Firewall configuration
Clients may have firewalls set up with session limits that cut off the connections after a certain amount of time, which they need to create exceptions for. From our side, our servers just see the connection close, so we don’t have a way to see whether it was closed by the proactive actions of your app, or just something related to the internet connection between your client and the X servers.
Data burst and packet loss
Clients should be designed to handle spikes in the volume of Posts received. If a client is slow to consume a stream, it will receive a full buffer disconnect. However, there are situations where the client is not able to handle a sudden surge in volume (for example, after significant rule activity) which will cause the client to drop packets. When this happens, you may notice the client resetting a TCP/IP connection. In certain cases, the connection is terminated correctly and cleanly; however, there may be situations where the underlying networking layer doesn't close the socket properly, or does so after a set delay. In your dashboard, this event will be reported as a client disconnect. In such cases, clients must be sized to handle multiple times the average Post volume. It can be beneficial to examine the network traffic to detect any pattern that leads the client to drop packets.

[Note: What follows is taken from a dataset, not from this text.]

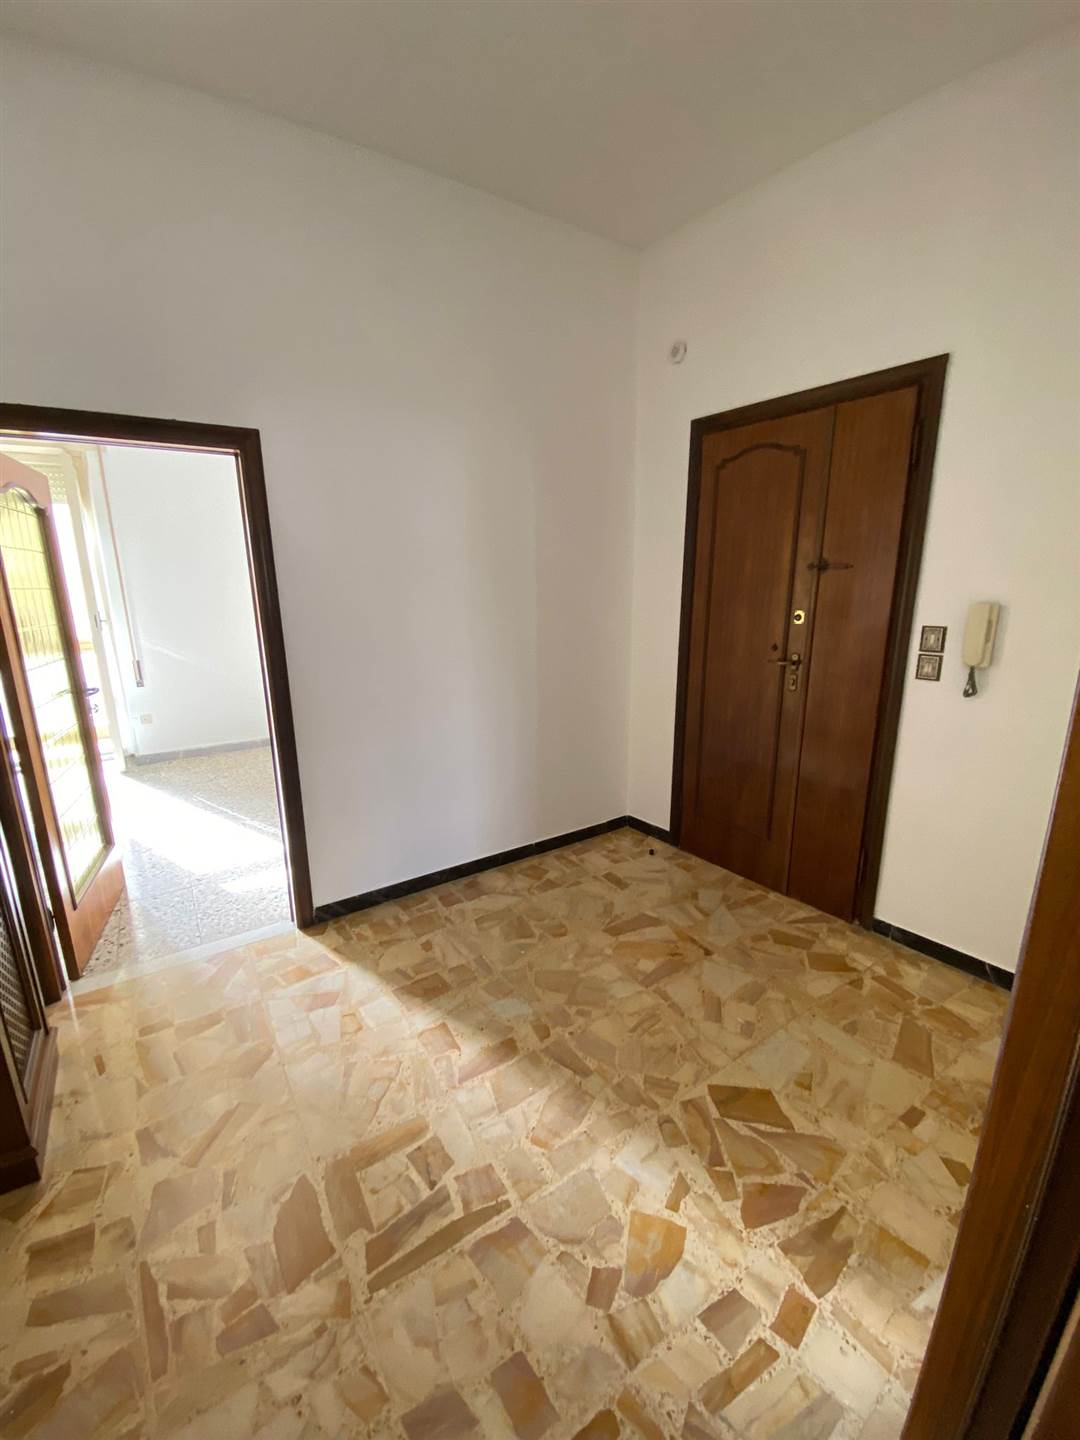 REGIONI, GROSSETO, Apartment for sale of 127 Sq. mt., Be restored, Heating Individual heating system, Energetic class: G, placed at 1° on 5, composed

Failure to reconnect after a disconnection
Occasionally, some customers have trouble reconnecting to their stream after they’ve terminated a connection. Assuming there are no operational issues posted on our Status Page, one reason might be that something within your code is keeping the connection alive. In these scenarios, we see something in the layer outside of your app persisting, because the connection wasn’t properly terminated. Generally we see similar behavior when the HTTP client portion of the code isn’t getting proactively closed. It might also be that there is simply some network latency or delay set at the configuration level preventing the request from going through.